正面視からの動き方:それぞれの外眼筋の作用

 

図1
眼球運動の基礎(1)で記したごとく、上直筋および下直筋は眼球前後のZ軸から23度だけ傾いた角度で眼球の中心より少し前、上斜筋と下斜筋は眼球のZ軸から51度だけ傾いた角度で眼球の中心より少し後に付着しています。このため、正面視から各筋が単独で働いたとすると、Z軸に対して回旋運動が生じます。内直筋と外直筋の場合は、このような回旋は生じません。

 

図2
眼球のZ軸のまわりの回旋は時計方向か、反時計方向です。

 

図3
眼球が動く方向としては、上直筋は内側上へ、下直筋は内側下へ、下斜筋は外側上へ、上斜筋は外側下へ動かします。
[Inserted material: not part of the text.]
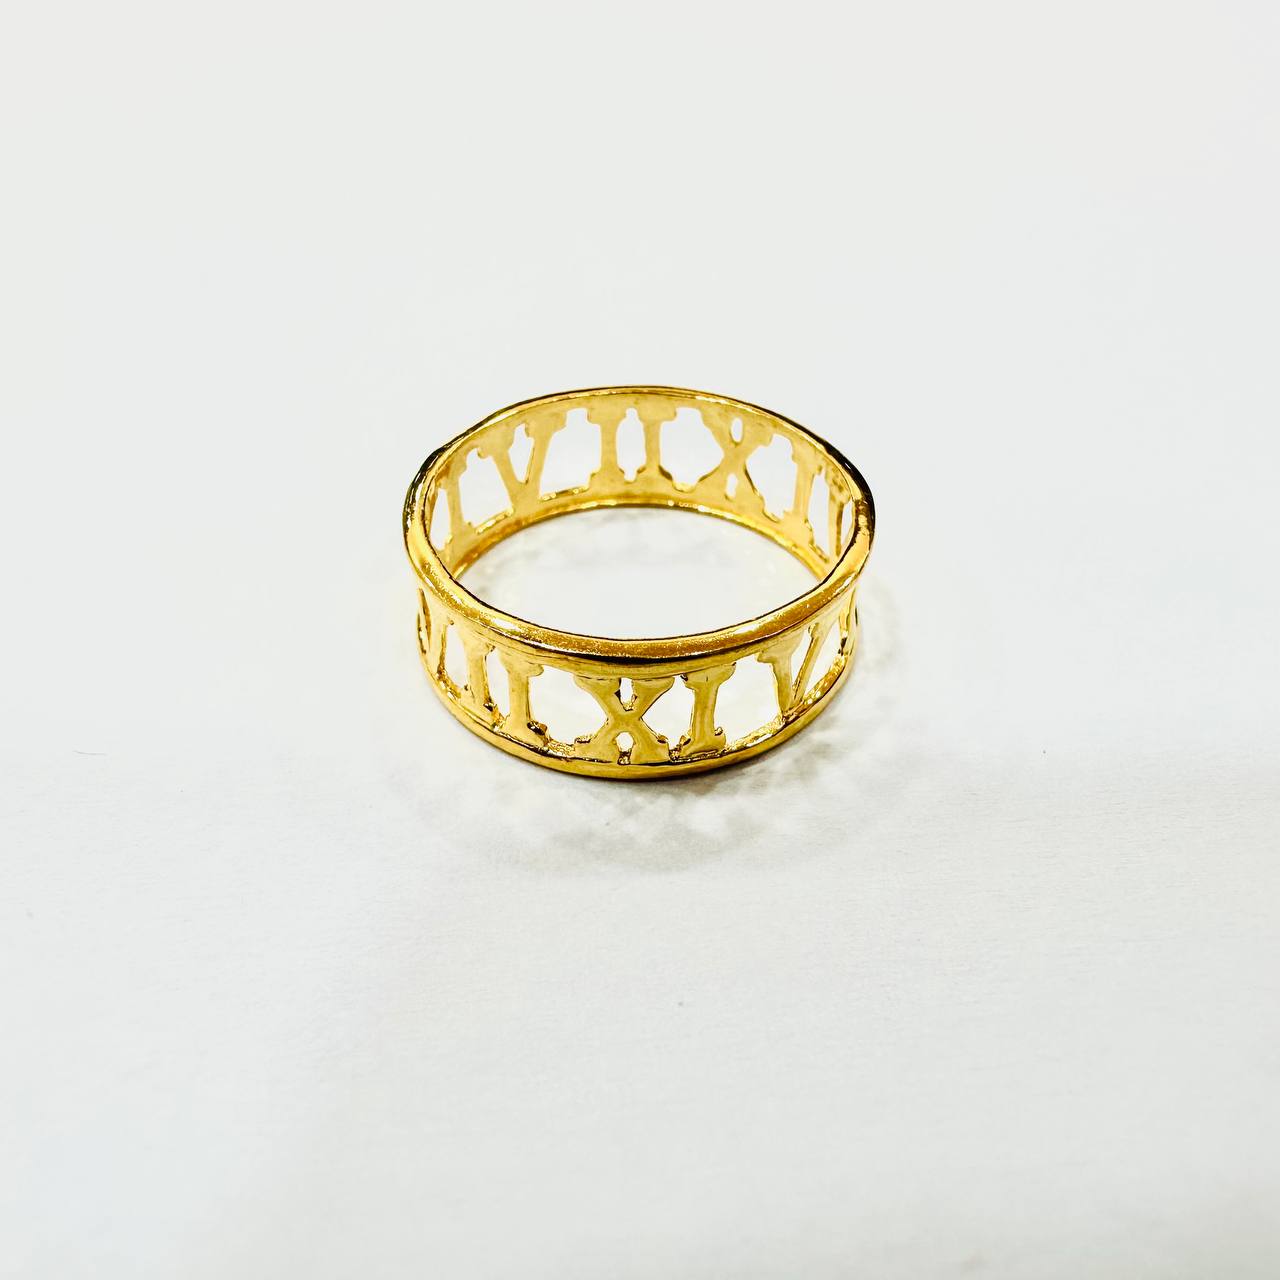 22k / 916 Gold Roman Ring V4-Rings-Best Gold Shop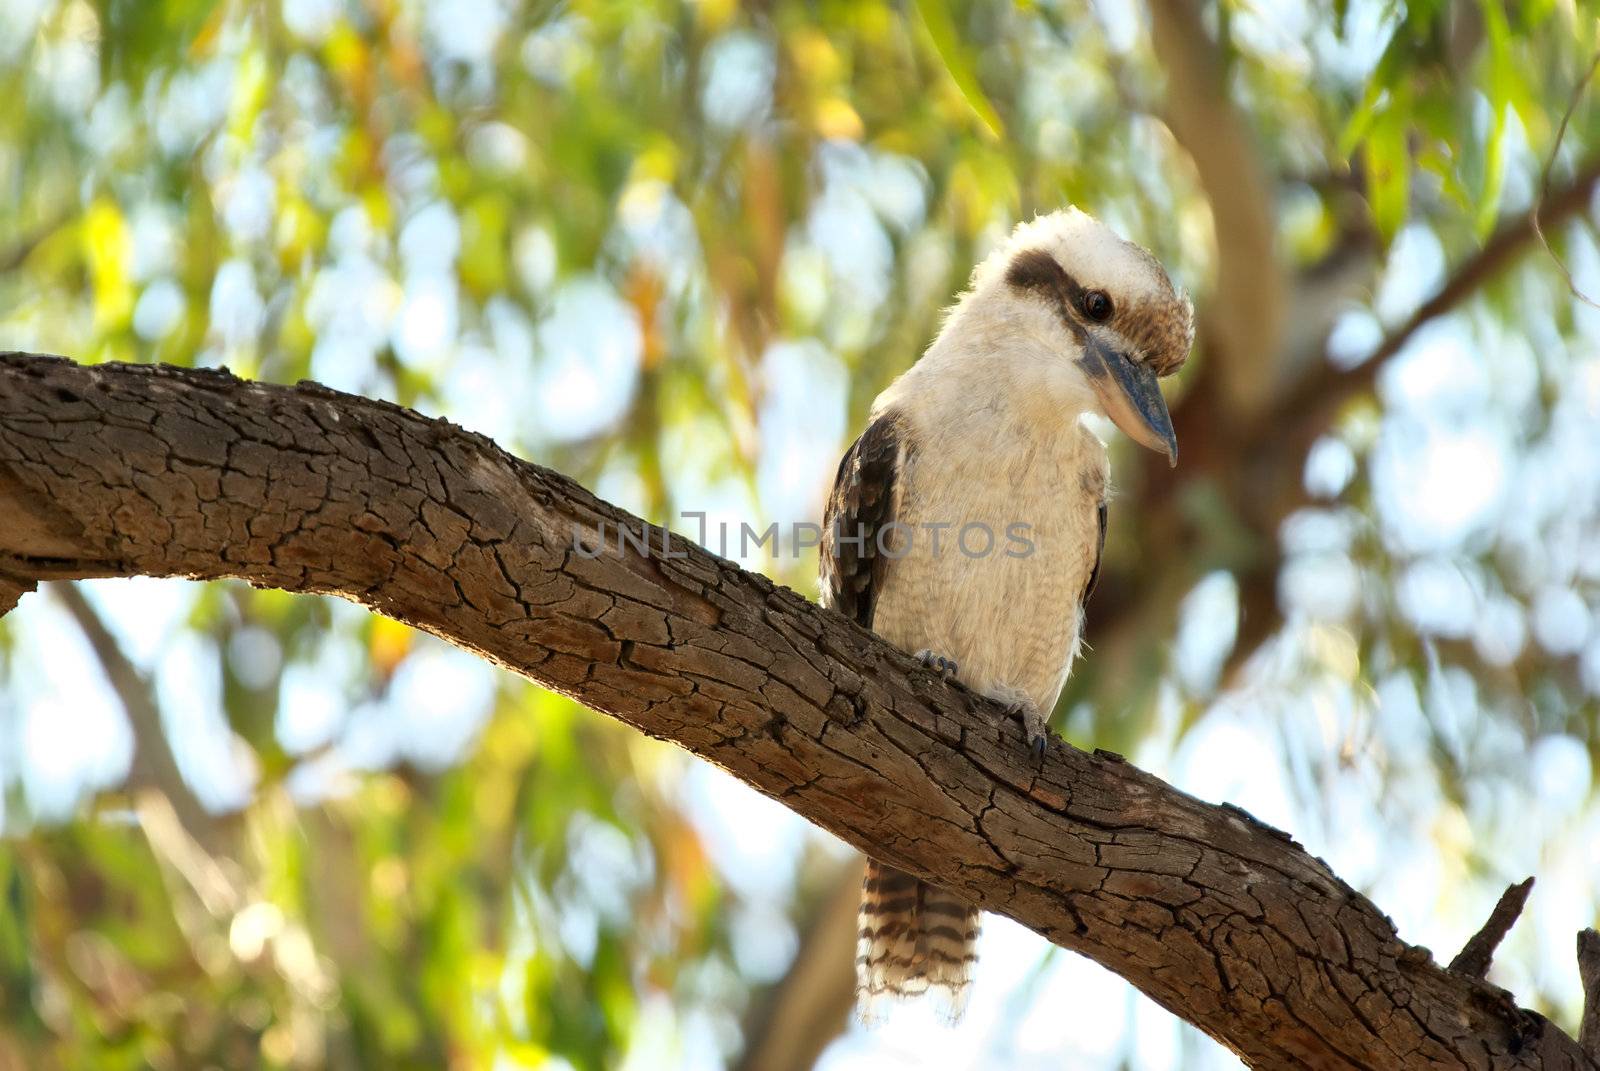 kookaburra in tree by clearviewstock

Z軸方向の回旋は左右の眼球で異なります。
(A)時計方向への回旋
右眼球:上直筋と上斜筋
左眼球:下斜筋と下直筋
(B)反時計方向への回旋
右眼球:下斜筋と下直筋
左眼球:上直筋と上斜筋

見つめる方向として各筋の働きは次のようになります。
(A)左側へ:右眼は内直筋、左眼は外直筋:Z軸回旋を伴わない
(B)右側へ:右眼は外直筋、左眼は内直筋:Z軸回旋を伴わない
(C)左上へ:右眼は上直筋、左眼は下斜筋:時計方向に回旋
(D)左下へ:右眼は下直筋、左眼は上斜筋:反時計方向に回旋
(E)右上へ:右眼は下斜筋、左眼は上直筋:反時計方向に回旋
(F)右下へ:右目は上斜筋、左眼は下直筋:時計方向に回旋
(G)上側へ:どちらも上直筋と下斜筋の共同作業:Z軸回旋を伴わない
(H)下側へ:どちらも下直筋と上斜筋の共同作業:Z軸回旋を伴わない

 

 

 

 

 

 

図4
動画で示したのは3DCGでしたが、これを3Dプリンタで現実世界に作りました。これを手に持って動かしてみることで、各筋の作用により眼球の動く方向を理解することが出来ます。眼球を真球と考え、X軸に垂直な平面と眼球が交わる線をX0、Y軸に垂直な平面と眼球が交わる線をY0、Z軸に垂直な平面と眼球が交わる線をZ0とします。Z0より少し前にあるZ1とX0の交点に上直筋および下直筋が付着しています。Z0より少し後にあるZ2とX0の交点に上斜筋と下斜筋が付着しています。このことで、眼球のZ軸まわりの回旋を含めた様々な動きが生じます。